Teaching guidance for the Fall 2025 semester (September 2, 2025)

Dear Colleagues,

Welcome back—I hope your summer was restorative and productive. As we begin Fall 2025: thank you for teaching and supporting our students. This message offers reminders of best practices, key policies, and teaching resources. Our practices and policies aim to blend excellence and empathy, setting rigorous academic standards and providing support for students in meeting them. Clarity about our expectations may not be glamorous, but it serves both those aims. Please welcome all of our students and support them in doing their best.

Rules of the road:

If you are teaching Fall subjects, please bear in mind the following reminders of our policies on grading, assignments and exams; most can be found at more length inRules and Regulations of the Faculty, Sections 2.50 and 2.60. A few minutes checking your syllabus against faculty policies helps limit student complaints about potential violations and ensures productive learning for everyone. (Some common issues are flagged below.) If you have questions or foresee the need for an exception, please contact me as soon as possible.
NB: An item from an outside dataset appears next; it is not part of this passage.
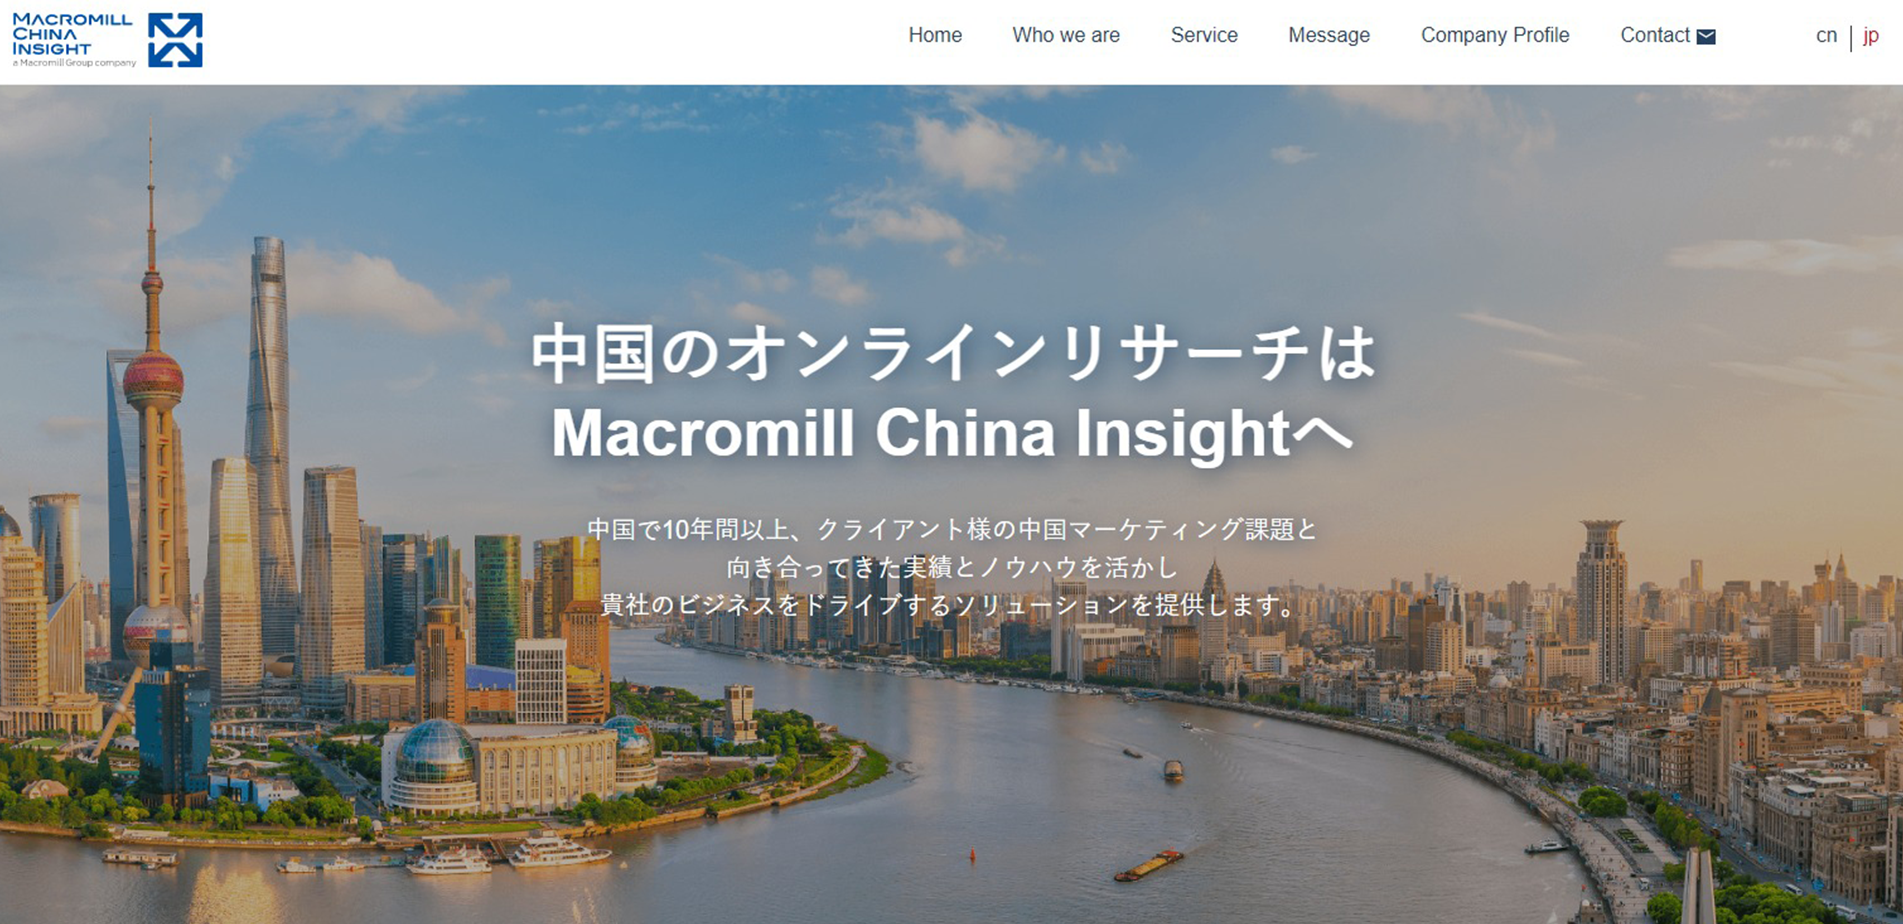 Macromill China Insight, Inc.

Grading Guidelines (an important reminder): At MIT the grade for each student is determined independently of other students – not on a curve. Familiarize yourself with our grading policy and use clear language on syllabi (which should include grading criteria and procedures: see Sections 2.53 and 2.54) and in communications with students.

Assignment and Exam Restrictions: Over the years, the faculty have developed rules manage the complex interactions between scheduled work for our various subjects and between academic work and protected time for students. Please see information on: Undergraduate subjectsGraduate subjectsRequests for clarification or exceptions.
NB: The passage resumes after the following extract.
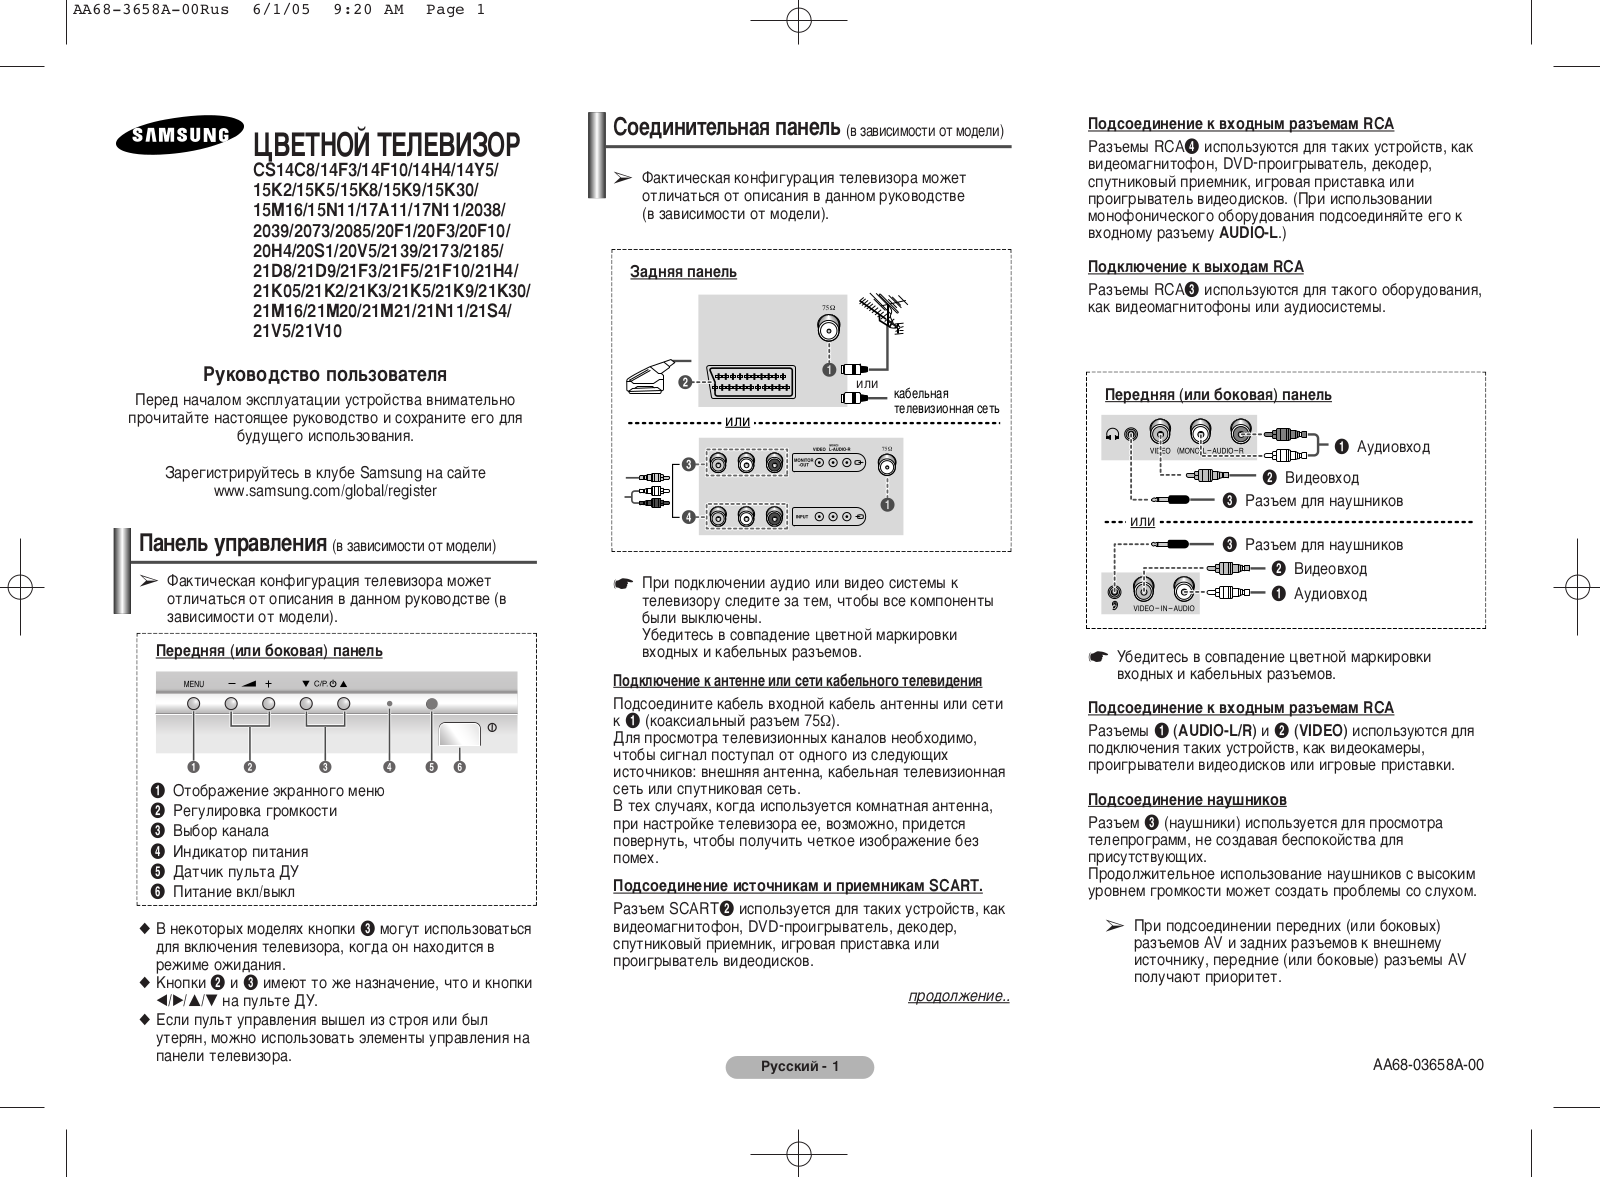 Samsung CS-21К30 User Manual

Scheduling Exams, Quizzes, and Review Sessions: Please ask students to flag potential scheduling conflicts early in the semester to allow for timely planning of any appropriate accommodations.

Use of Generative AI: Please review the Teaching and Learning Lab (TLL)’s resources on generative AI and teaching. There is no Institute-wide policy on acceptable AI use, but I encourage you to follow TLL’s recommendation to consider the implications of AI for your teaching and to communicate to your students clear expectations about acceptable use. This IS&T webpage lists generative AI tools licensed for use by the MIT community and provides instructions for obtaining access as well as usage guidance.

Contingency planning: 

Make sure that multiple staff, including the instructor of record, have access throughout the semester to grade sheets, student records, and class communication channels. Instructors should have backup plans for instruction and assessments in the event of substantial or extended illness, absence of instructors and/or teaching staff, or other unexpected disruptions. See also the Teaching and Learning Lab’s advice for ensuring academic continuity.

Other resources:

Finally, the Division of Student Life provides resources for faculty to support student wellbeing, including a faculty guide on how to respond if a student in distress or having difficulty coping. There is also a network of support in student residences and other organizations on campus. If you see students who are struggling, please reach out to the nearest point of contact with any of those networks so that we can, collectively, help them.

Please reach out to me directly if you have questions or concerns about these policies, resources, and student accommodations either in general or for a specific issue. Your teaching is at the heart of MIT’s purpose, and my colleagues and I will do our best to support you in thinking through any questions that arise.